WHAT YOU NEED TO DO:
Could you restate the whole listing below word for word, minus the pictures?

RECORDED DATA:

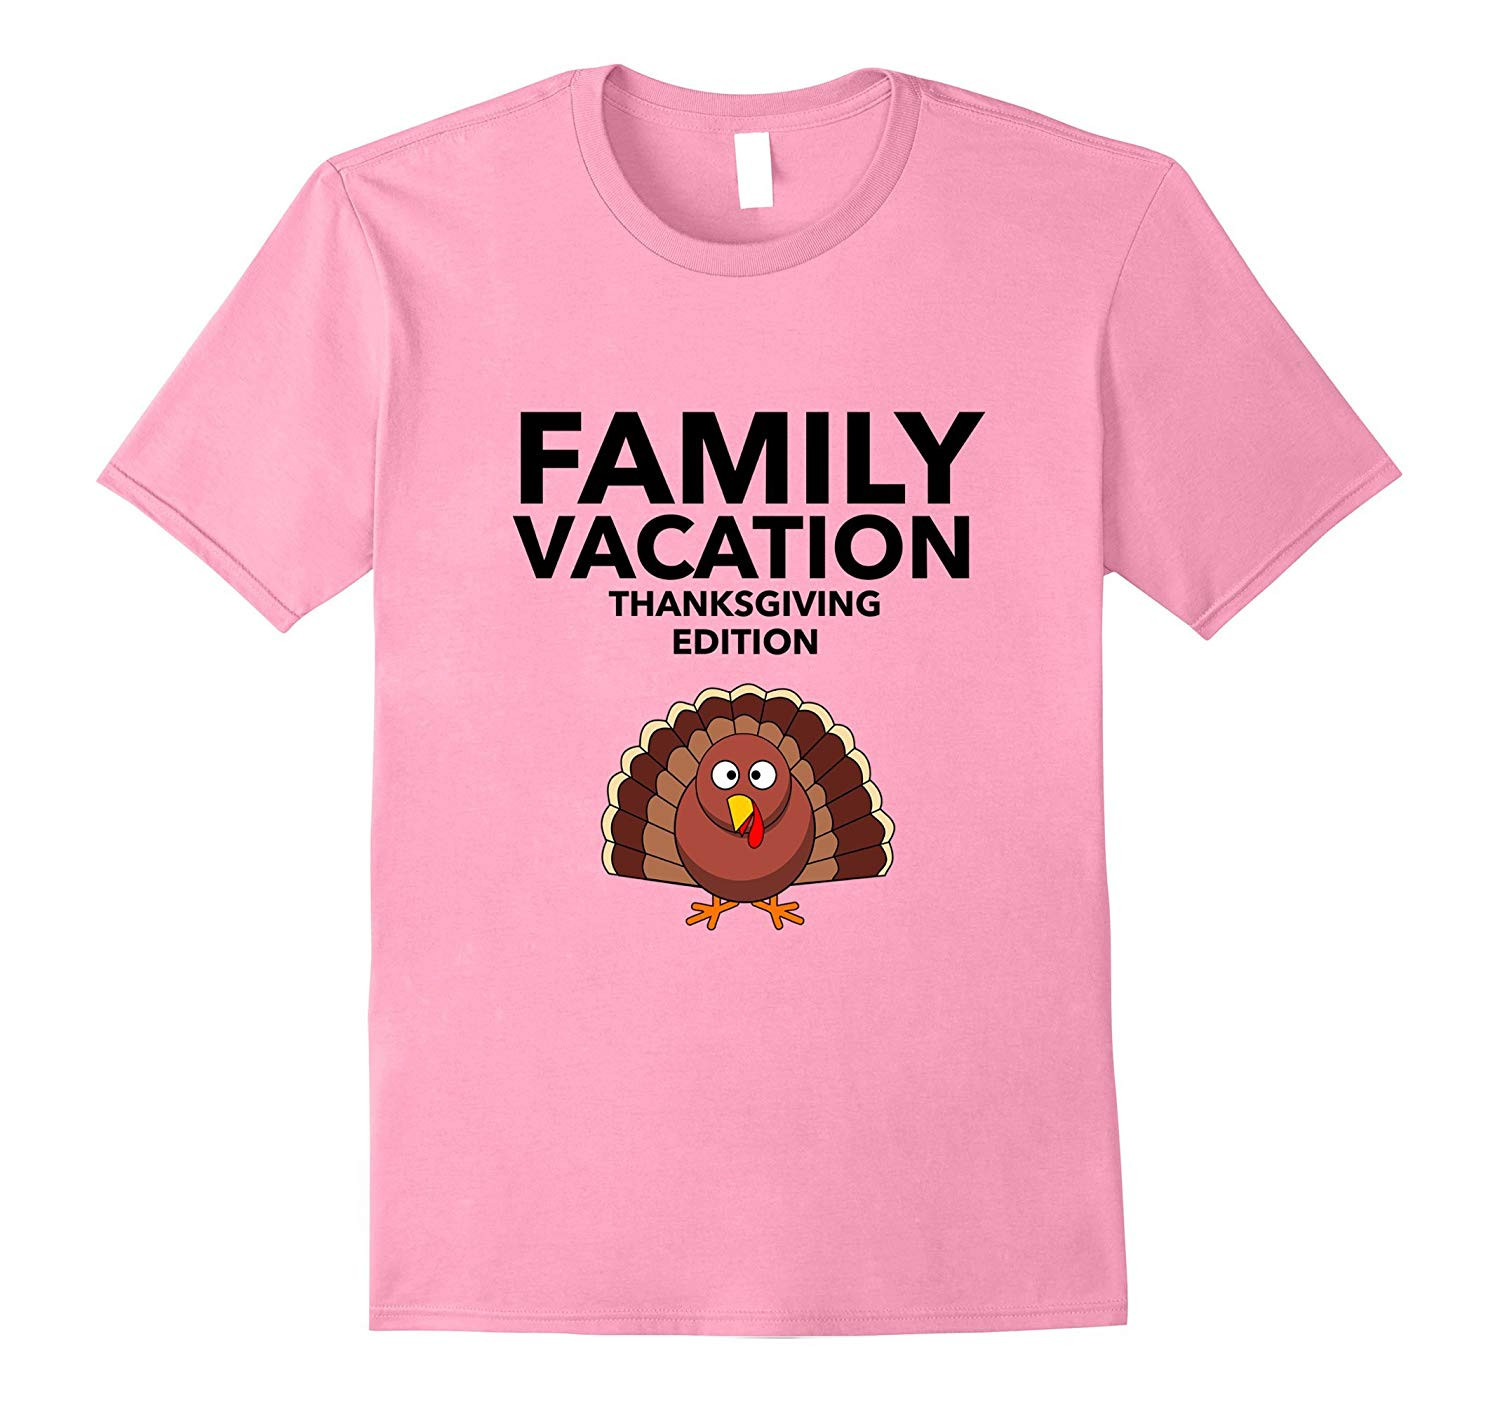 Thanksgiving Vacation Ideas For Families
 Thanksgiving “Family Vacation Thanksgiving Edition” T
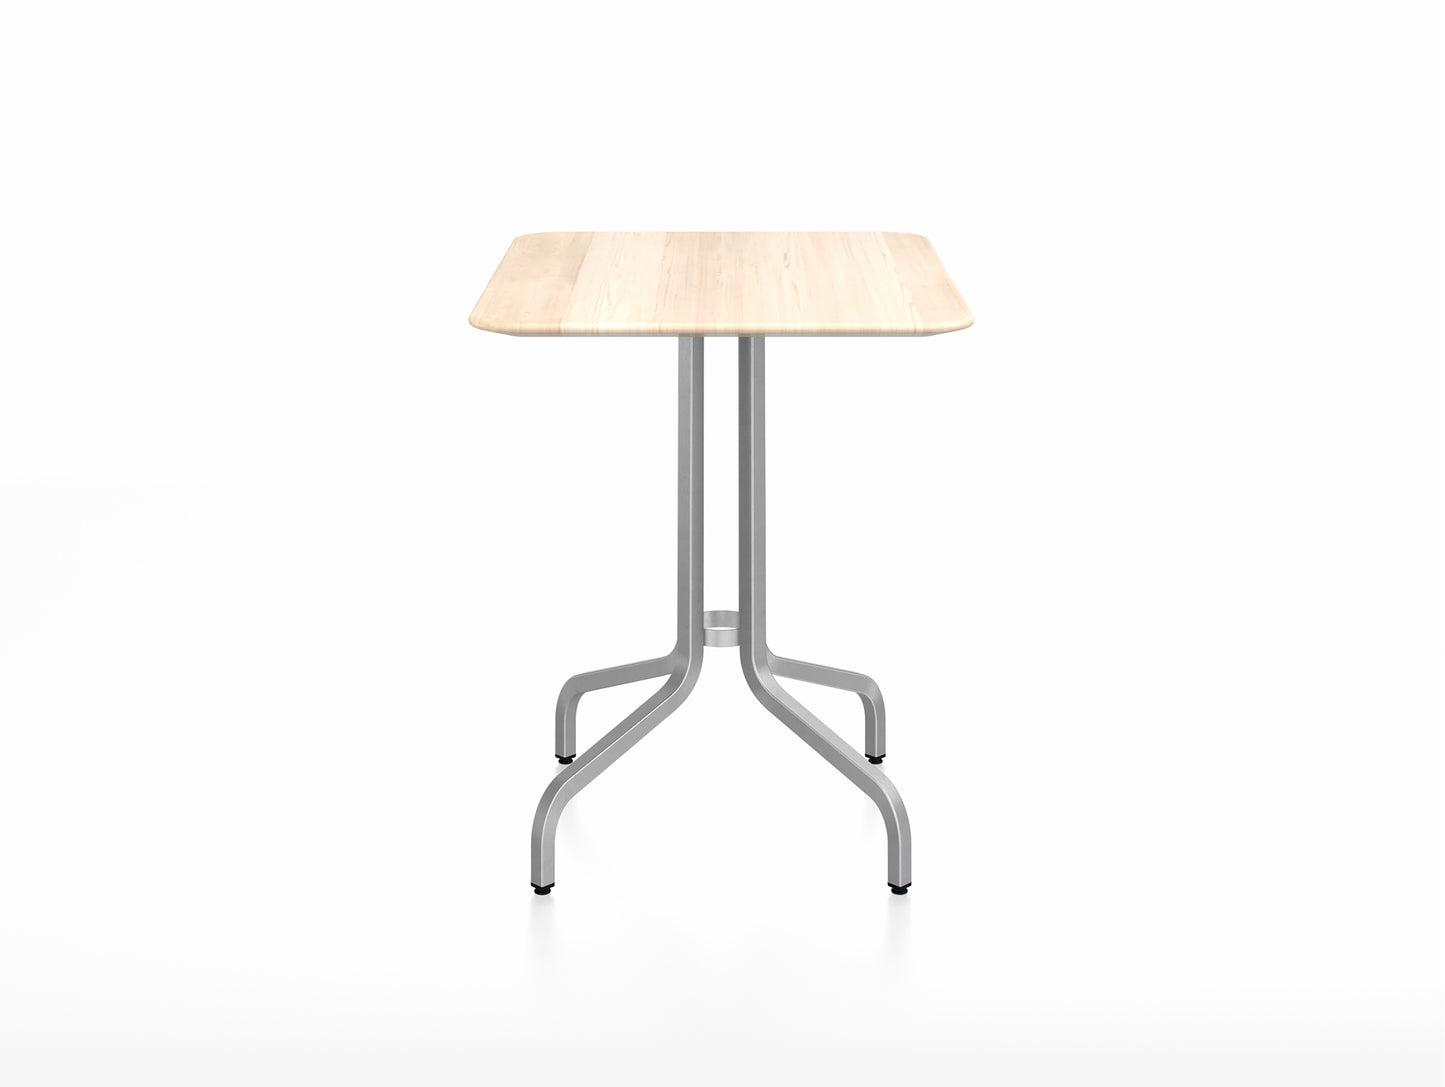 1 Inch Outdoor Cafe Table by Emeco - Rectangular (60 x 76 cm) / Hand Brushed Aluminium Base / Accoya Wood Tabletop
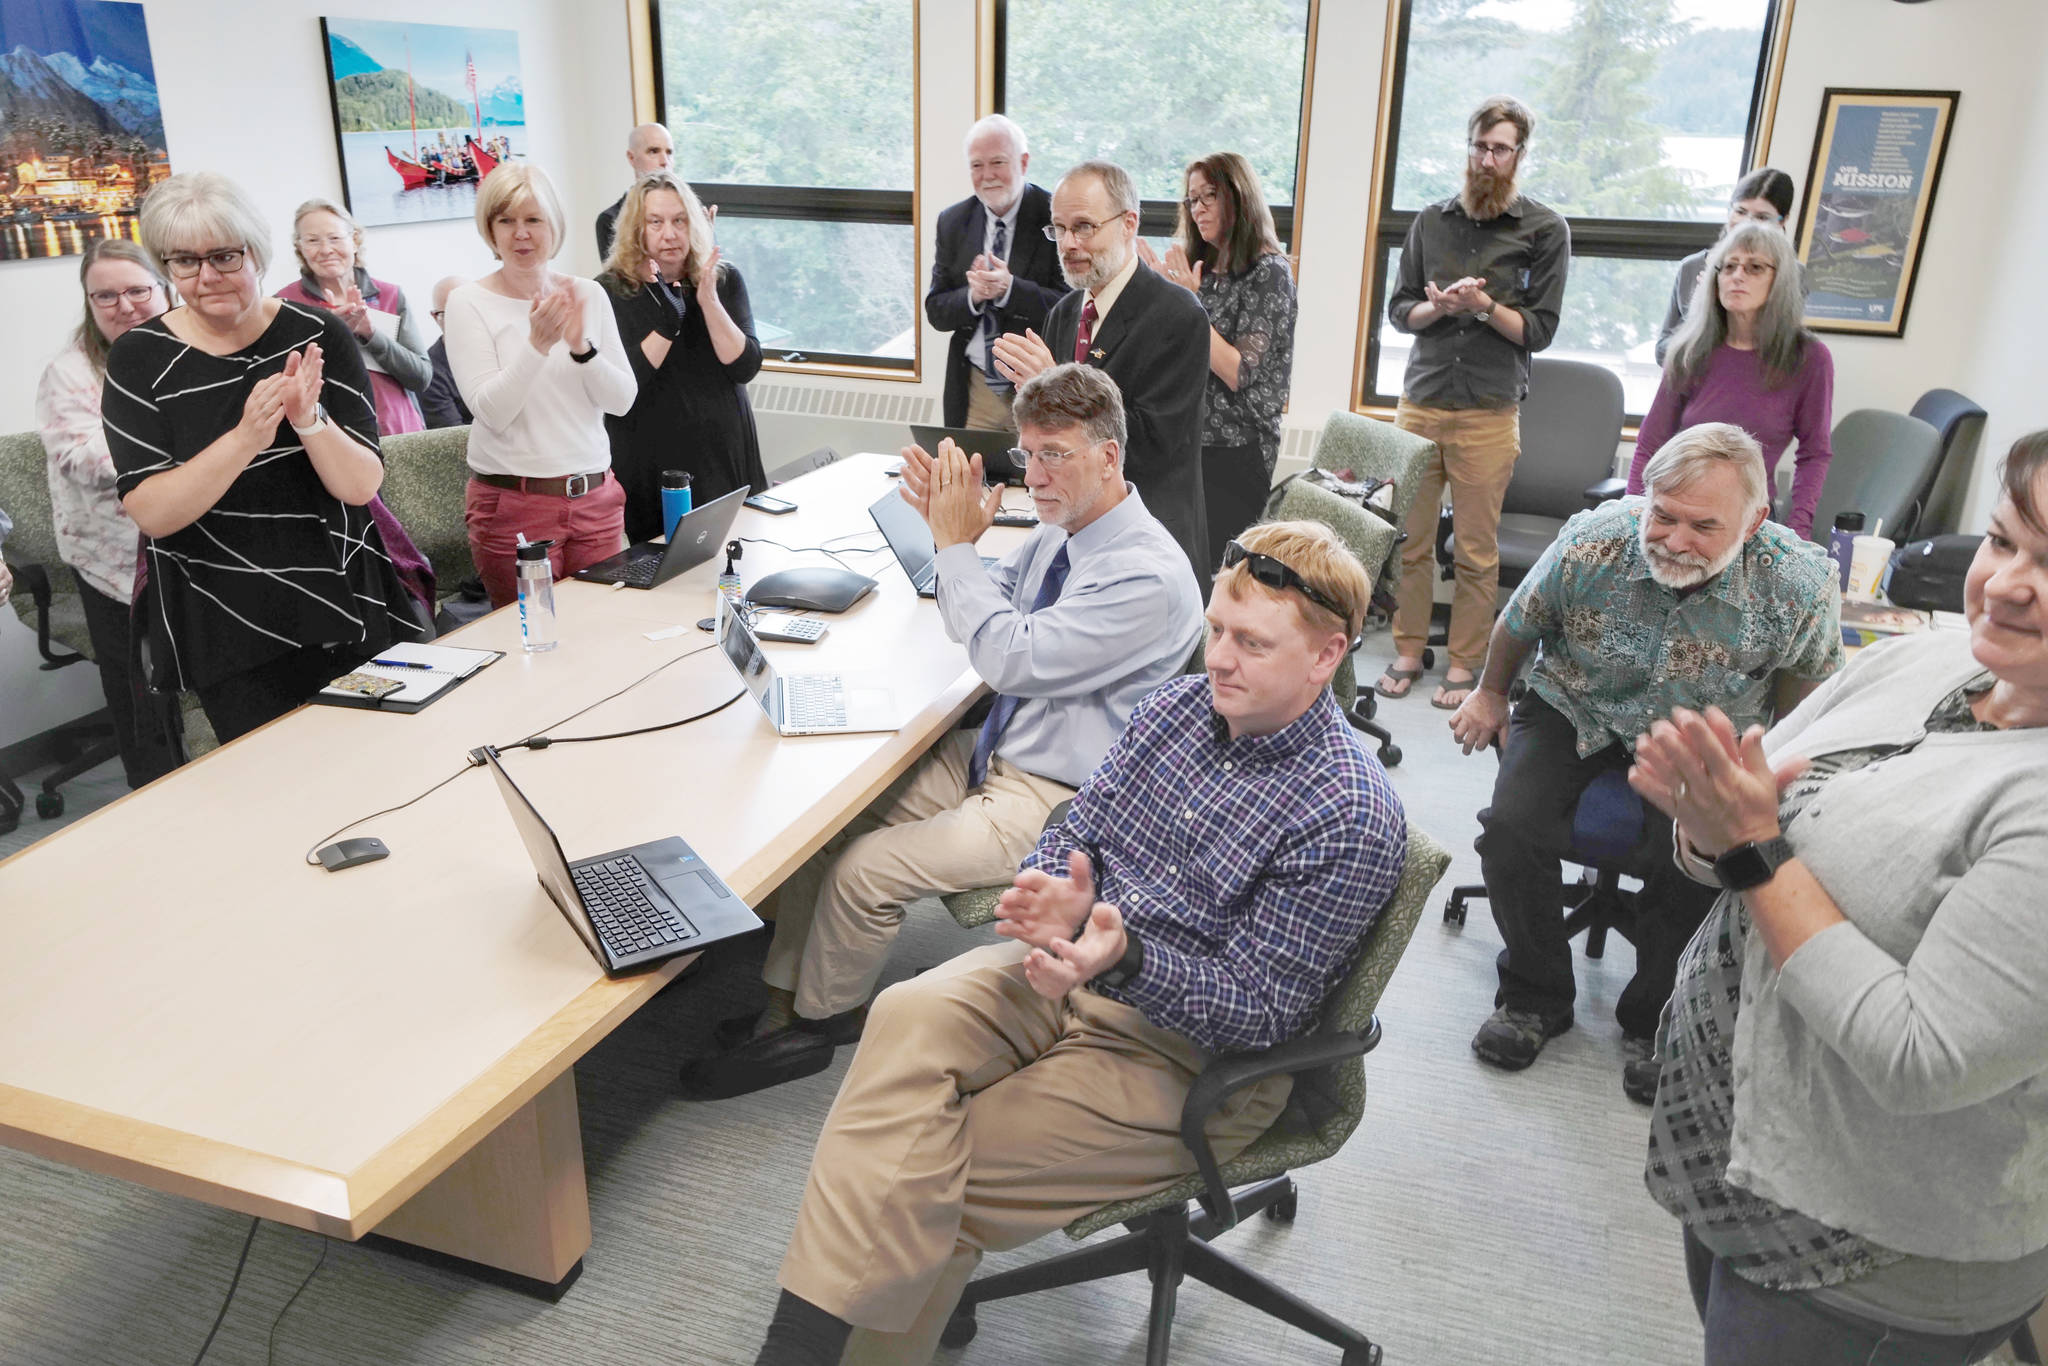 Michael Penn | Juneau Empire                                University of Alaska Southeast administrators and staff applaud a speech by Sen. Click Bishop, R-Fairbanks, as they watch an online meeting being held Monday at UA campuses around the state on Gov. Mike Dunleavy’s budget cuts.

THE COMPLETED TASK:
 Thanksgiving Vacation Ideas For Families
 Thanksgiving “Family Vacation Thanksgiving Edition” T
 1 Inch Outdoor Cafe Table by Emeco - Rectangular (60 x 76 cm) / Hand Brushed Aluminium Base / Accoya Wood Tabletop
 Michael Penn | Juneau Empire                                University of Alaska Southeast administrators and staff applaud a speech by Sen. Click Bishop, R-Fairbanks, as they watch an online meeting being held Monday at UA campuses around the state on Gov. Mike Dunleavy’s budget cuts.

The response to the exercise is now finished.